Разсобачился я на Новой Земле и с отсутствием какой-либо регистрации личного оружия. Здесь оно не возбранялось, но вся эта морока с регистрацией стволов и обязательным занесением в картотеку характерных следов на отстрелянных гильзах и пулях… Да и разрешение на автоматическое оружие получить было достаточно геморройно.
Или, скажем, централизованное ценообразование. Если установлено, что булка хлеба стоит 20 копеек, ты хоть лбом об стену убейся, но дороже продать не имеешь права. Придумал ты какой-то супер-пупер вкусный рецепт хлеба – докажи, что твои затраты при этом выросли на 3 копейки, тогда тебе разрешат продавать его за 24. Но с обязательным указанием на ценнике, что это не просто хлеб белый, а белый с пудрой горного ореха. Но при этом изволь не менее половины продукции хлебопекарни печь по классической рецептуре, чтобы не происходило вымывания «социальной» продукции более дорогими товарами.

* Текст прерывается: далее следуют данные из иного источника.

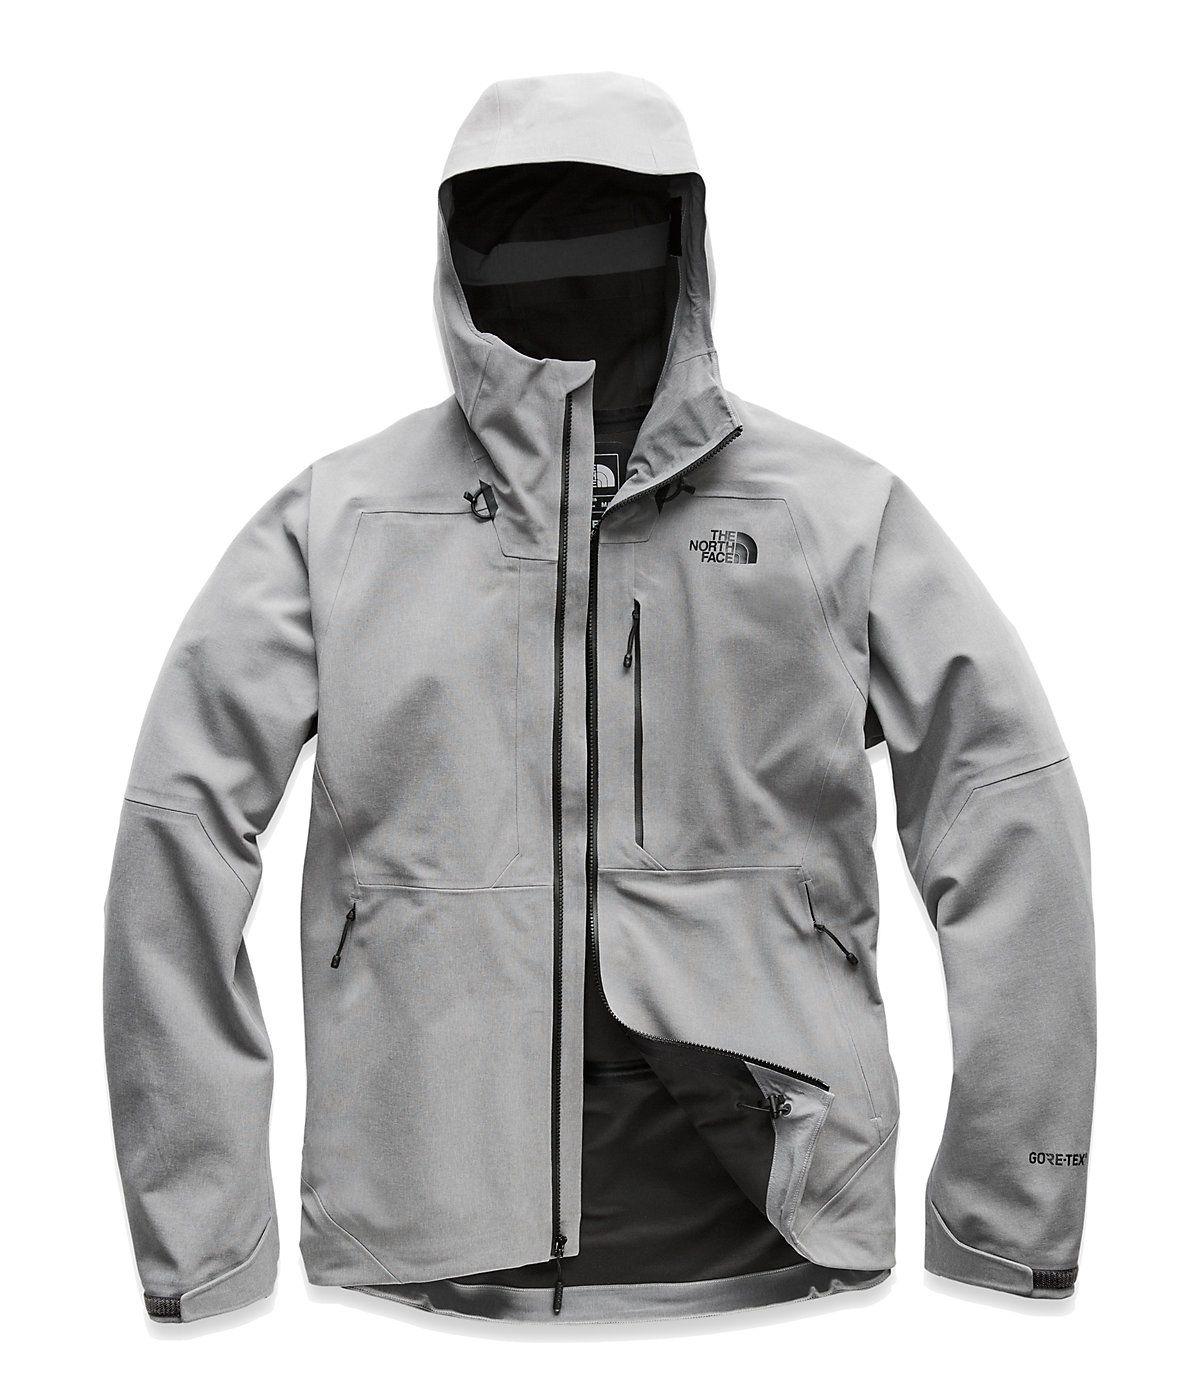 7e89cf3c6 Men's apex flex gtx®2.0 jacket in 2019 | Products | Waterproof ...

Для создания промышленных мощностей изначально закладывалось развитое производство стройматериалов. И после резкого сокращения объёмов промышленного строительства перепрофилировали эти заводы и комбинаты на жилищное строительство, в результате чего добились 100% обеспеченности людей жильём. Не только в многоквартирных домах. Те, кто хотел индивидуальную хатынку, могли за свои деньги построить себе и дом: никаких запретов и ограничений, кроме архитектурных!
Много чего узнал и по истории освоения континента.
Советск возник как военный городок, прикрывающий Точку Перехода. Выбросило первую группу исследователей в южных предгорьях Старых гор, ответвления Становых гор. Тех, что тянутся с севера на юг практически через весь континент. В том месте, где сходятся две горные системы, в древнейшие времена образовалось Широкое нагорье с беспорядочно разбросанными разнонаправленными горными хребтами. Видимо, более поздние горообразовательные процессы наложились на древнейшие, в результате чего получился этакий хаос, протяжённостью с севера на юг чуть ли не на 1000 вёрст, а с запада на восток – от 300 до 700 километров.
Сама по себе Точка Перехода оказалась весьма неудобной для поселения: ближайший ручеёк едва мог обеспечить водой сотни четыре человек, да и лес, пригодный для строительства жилья и отопления, рос далековато. Зато километрах в сорока южнее сливались две горные реки, а их берега были богаты не только лесом, но и глиной, которую быстро приспособили для производства кирпича. Ещё южнее нашли известняк. Из него позже, когда вблизи Рыбацкого залива обнаружили запасы газа, стали производить цемент.
Так и получилось: Лаборатория № 1, как окрестили Точку Перехода, так и осталась в стороне от города, со временем ставшего административным центром, ключевым транспортным узлом, центром электротехнического и энергетического машиностроения, а также главной базой производства стройматериалов. И всё освоение континента шло уже из Советска.
Поскольку время для СССР было достаточно суровое, руководство проекта поставило задачу как можно скорее сделать колонию полезной для страны. И вскоре километрах в 400 южнее нашли богатое месторождение урана, а западнее, на противоположных от Советска склонах Становых гор, по долинам рек обнаружили рассыпное золото. Как оказалось, им были богаты все речушки, текущие на запад с Широкого нагорья. А шлихи аллювиальных отложений речушки Лебёдушка, стекающей с Центрального плато, принесли урожай мелких алмазов. Позже вокруг рубленной избушки геологов, зазимовавших в тех краях, вырос городок Избенка, жители которого разрабатывали обнаруженную всего в десятке километров от него алмазоносную трубку.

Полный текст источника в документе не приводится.